Вот мой фрейм данных:
cars_num_df.head(10)
mpg cylinders displacement horsepower weight acceleration age
0 18.0 8 307.0 130.0 3504.0 12.0 13
1 15.0 8 350.0 165.0 3693.0 11.5 13
2 18.0 8 318.0 150.0 3436.0 11.0 13
3 16.0 8 304.0 150.0 3433.0 12.0 13
4 17.0 8 302.0 140.0 3449.0 10.5 13
5 15.0 8 429.0 198.0 4341.0 10.0 13
6 14.0 8 454.0 220.0 4354.0 9.0 13
7 14.0 8 440.0 215.0 4312.0 8.5 13
8 14.0 8 455.0 225.0 4425.0 10.0 13
9 15.0 8 390.0 190.0 3850.0 8.5 13
Позже я стандартизировал данные, используя Zscore, и затем я хочу ЗАМЕНИТЬ выбросы (не удалить) медианным значением каждого столбца.
Я пытался сделать это:
median = cars_numz_df.median()
std = cars_numz_df.std()
value = cars_numz_df
outliers = (value - median).abs() > 2*std
cars_numz_df[outliers] = cars_numz_df[outliers].abs()
cars_numz_df[outliers]
mpg cylinders displacement horsepower weight acceleration age
0 NaN 1.498191 NaN NaN NaN NaN NaN
1 NaN 1.498191 NaN NaN NaN NaN NaN
2 NaN 1.498191 NaN NaN NaN NaN NaN
3 NaN 1.498191 NaN NaN NaN NaN NaN
4 NaN 1.498191 NaN NaN NaN NaN NaN
5 NaN 1.498191 2.262118 2.454408 NaN NaN NaN
6 NaN 1.498191 2.502182 3.030708 NaN 2.384735 NaN
7 NaN 1.498191 2.367746 2.899730 NaN 2.566274 NaN
8 NaN 1.498191 2.511784 3.161685 NaN NaN NaN
9 NaN 1.498191 1.887617 2.244844 NaN 2.566274 NaN
Теперь я пытаюсь заменить выбросы медианой следующим образом:
cars_numz_df[outliers] = median
но я получаю эту ошибку:
---------------------------------------------------------------------------
ValueError Traceback (most recent call last)

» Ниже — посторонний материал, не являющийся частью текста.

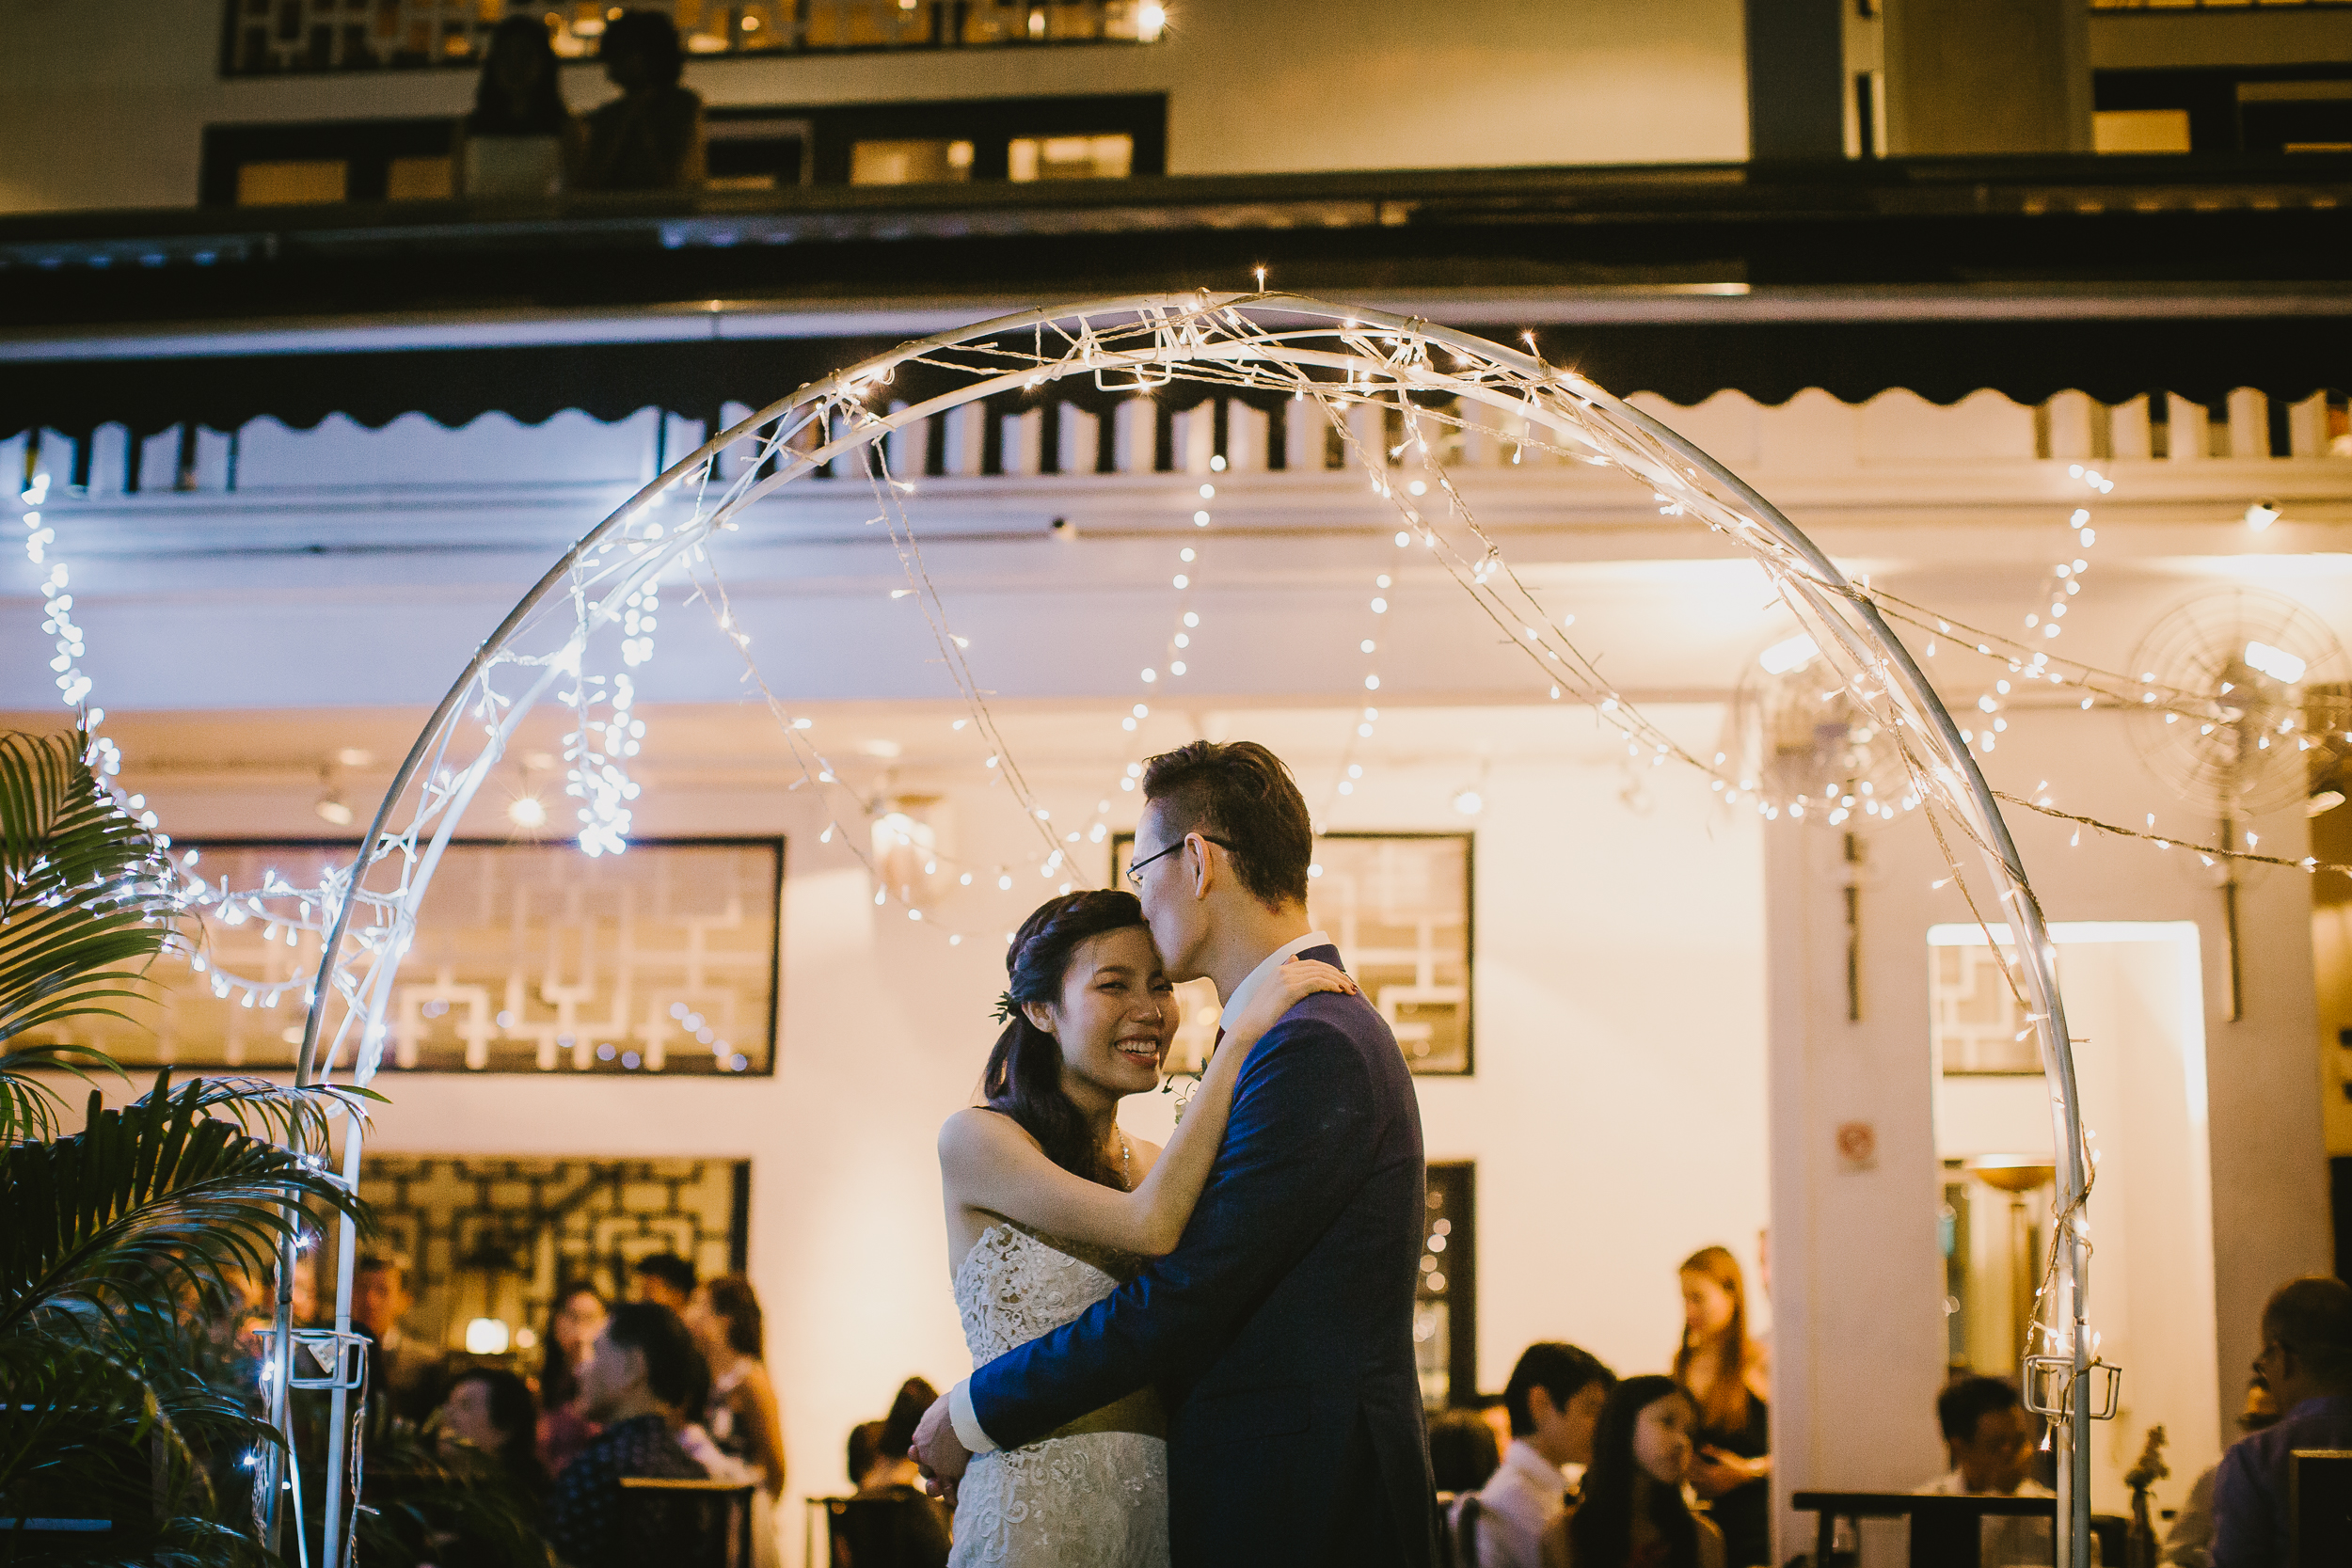 Singapore+Actual+Day+Wedding+Photographer+Min+Jiang+Rochester+Gareth+Faith--0079.jpg

<ipython-input-394-d48a51500f28> in <module>
9 cars_numz_df[outliers] = cars_numz_df[outliers].abs()
10
---> 11 cars_numz_df[outliers] = median
12
~\AppData\Local\Continuum\anaconda3\lib\site-packages\pandas\core\frame.py
in __setitem__(self, key, value)
3112
3113 if isinstance(key, DataFrame) or getattr(key, 'ndim', None)
== 2:
-> 3114 self._setitem_frame(key, value)
3115 elif isinstance(key, (Series, np.ndarray, list, Index)):
3116 self._setitem_array(key, value)
~\AppData\Local\Continuum\anaconda3\lib\site-packages\pandas\core\frame.py
in _setitem_frame(self, key, value)
3161 self._check_inplace_setting(value)
3162 self._check_setitem_copy()
-> 3163 self._where(-key, value, inplace=True)
3164
3165 def _ensure_valid_index(self, value):
~\AppData\Local\Continuum\anaconda3\lib\site-packages\pandas\core\generic.py
in _where(self, cond, other, inplace, axis, level, errors, try_cast)
7543
7544 _, other = self.align(other, join='left', axis=axis,
-> 7545 level=level,
fill_value=np.nan)
7546
7547 # if we are NOT aligned, raise as we cannot where
index
~\AppData\Local\Continuum\anaconda3\lib\site-packages\pandas\core\frame.py
in align(self, other, join, axis, level, copy, fill_value, method, limit,
fill_axis, broadcast_axis)
3548 method=method,
limit=limit,
3549 fill_axis=fill_axis,
-> 3550
broadcast_axis=broadcast_axis)
3551
3552 @Appender(_shared_docs['reindex'] % _shared_doc_kwargs)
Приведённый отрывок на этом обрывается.